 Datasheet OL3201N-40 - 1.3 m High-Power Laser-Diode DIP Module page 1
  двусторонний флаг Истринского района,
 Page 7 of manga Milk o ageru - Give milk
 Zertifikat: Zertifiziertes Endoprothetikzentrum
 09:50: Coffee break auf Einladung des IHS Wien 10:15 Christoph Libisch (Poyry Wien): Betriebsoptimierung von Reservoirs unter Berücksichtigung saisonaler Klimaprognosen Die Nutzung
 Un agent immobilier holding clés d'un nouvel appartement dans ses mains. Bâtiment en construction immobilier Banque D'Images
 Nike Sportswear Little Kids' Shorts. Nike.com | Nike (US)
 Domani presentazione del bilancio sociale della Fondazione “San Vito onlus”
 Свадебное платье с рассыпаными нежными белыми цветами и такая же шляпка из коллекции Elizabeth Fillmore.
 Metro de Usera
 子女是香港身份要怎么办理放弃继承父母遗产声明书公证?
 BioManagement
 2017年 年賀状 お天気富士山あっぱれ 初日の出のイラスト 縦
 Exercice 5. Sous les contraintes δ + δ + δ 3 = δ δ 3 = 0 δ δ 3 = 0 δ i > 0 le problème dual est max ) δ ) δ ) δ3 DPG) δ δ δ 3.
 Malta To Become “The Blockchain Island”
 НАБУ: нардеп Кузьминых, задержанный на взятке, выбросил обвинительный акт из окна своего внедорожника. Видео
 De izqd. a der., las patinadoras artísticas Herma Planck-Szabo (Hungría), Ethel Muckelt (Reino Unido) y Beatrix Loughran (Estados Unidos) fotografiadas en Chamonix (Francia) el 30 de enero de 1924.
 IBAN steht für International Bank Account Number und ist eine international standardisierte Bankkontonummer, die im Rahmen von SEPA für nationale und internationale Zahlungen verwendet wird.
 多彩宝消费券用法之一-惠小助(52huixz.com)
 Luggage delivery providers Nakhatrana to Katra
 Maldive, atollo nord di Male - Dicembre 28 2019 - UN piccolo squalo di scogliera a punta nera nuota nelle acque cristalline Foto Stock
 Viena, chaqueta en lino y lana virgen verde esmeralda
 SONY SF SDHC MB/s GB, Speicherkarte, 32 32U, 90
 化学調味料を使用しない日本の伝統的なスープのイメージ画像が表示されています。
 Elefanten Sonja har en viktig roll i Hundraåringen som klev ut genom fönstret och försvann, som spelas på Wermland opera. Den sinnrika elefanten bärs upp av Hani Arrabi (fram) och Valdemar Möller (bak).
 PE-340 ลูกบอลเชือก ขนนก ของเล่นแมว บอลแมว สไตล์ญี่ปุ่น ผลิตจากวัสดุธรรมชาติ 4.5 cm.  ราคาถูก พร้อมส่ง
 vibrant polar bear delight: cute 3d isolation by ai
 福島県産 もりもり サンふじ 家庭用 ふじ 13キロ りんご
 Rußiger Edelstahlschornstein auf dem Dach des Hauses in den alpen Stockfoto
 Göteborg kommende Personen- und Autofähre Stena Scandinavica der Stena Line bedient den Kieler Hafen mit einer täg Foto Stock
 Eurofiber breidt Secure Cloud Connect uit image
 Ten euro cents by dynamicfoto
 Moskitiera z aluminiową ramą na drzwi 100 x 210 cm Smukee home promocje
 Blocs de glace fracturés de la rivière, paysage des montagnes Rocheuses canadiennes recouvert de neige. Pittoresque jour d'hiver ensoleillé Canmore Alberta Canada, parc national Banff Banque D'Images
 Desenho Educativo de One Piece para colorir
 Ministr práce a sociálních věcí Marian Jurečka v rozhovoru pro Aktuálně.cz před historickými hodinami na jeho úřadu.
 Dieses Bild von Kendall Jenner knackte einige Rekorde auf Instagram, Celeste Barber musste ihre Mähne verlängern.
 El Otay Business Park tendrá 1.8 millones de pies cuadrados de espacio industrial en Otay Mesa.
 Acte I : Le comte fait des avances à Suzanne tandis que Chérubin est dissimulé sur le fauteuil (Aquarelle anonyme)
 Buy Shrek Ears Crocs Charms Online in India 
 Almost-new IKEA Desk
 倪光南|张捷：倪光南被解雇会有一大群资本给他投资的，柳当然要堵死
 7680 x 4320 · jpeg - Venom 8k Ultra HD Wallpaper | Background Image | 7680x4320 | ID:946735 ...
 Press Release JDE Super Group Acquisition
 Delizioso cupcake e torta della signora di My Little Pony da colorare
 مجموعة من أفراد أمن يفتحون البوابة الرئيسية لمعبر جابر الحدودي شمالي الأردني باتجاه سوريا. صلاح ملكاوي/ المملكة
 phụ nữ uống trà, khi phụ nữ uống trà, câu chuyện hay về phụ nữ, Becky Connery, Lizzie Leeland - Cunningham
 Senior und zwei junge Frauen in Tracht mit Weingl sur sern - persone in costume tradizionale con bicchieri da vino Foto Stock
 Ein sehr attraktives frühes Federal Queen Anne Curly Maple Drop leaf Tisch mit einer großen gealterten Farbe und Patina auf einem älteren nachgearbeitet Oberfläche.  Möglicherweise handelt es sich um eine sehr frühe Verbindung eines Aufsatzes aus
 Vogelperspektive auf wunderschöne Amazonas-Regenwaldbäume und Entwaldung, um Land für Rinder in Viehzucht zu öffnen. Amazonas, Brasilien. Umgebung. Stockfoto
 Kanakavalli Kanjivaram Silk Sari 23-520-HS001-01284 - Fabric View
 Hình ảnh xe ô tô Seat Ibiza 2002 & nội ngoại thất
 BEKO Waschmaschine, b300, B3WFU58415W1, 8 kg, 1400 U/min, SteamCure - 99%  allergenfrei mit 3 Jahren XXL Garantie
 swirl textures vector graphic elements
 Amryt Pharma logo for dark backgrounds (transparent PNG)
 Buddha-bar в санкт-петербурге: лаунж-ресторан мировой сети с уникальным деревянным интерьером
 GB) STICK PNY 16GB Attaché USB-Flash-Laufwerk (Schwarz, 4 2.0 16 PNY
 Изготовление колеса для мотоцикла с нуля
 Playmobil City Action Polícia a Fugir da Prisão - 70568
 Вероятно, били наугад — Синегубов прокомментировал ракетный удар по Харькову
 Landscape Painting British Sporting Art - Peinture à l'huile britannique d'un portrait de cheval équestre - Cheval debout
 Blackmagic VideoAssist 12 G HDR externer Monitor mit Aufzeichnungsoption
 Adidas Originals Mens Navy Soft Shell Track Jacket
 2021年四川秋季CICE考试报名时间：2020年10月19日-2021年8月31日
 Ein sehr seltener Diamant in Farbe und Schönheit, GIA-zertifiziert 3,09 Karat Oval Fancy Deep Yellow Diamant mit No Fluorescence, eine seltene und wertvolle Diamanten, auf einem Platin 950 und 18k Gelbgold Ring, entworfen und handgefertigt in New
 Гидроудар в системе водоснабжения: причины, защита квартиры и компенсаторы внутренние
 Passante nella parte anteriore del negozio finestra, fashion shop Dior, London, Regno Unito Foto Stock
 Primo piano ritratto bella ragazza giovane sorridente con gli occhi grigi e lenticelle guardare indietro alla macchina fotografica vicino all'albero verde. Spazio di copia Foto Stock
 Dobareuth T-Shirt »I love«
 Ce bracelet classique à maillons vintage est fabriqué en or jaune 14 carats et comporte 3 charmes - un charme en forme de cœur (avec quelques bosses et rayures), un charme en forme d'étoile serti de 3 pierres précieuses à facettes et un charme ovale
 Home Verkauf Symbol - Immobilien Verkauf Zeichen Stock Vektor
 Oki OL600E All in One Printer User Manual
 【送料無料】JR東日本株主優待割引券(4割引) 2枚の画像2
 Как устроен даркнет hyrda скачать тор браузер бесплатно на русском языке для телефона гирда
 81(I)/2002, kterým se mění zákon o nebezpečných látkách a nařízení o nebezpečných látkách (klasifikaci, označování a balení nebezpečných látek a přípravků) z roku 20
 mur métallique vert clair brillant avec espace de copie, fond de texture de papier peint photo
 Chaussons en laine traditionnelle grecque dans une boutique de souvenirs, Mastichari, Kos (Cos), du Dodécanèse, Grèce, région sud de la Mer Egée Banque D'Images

Your assignment:
In the entries above, find lines with "della" and copy each.

Result below:
 Domani presentazione del bilancio sociale della Fondazione “San Vito onlus”
 Delizioso cupcake e torta della signora di My Little Pony da colorare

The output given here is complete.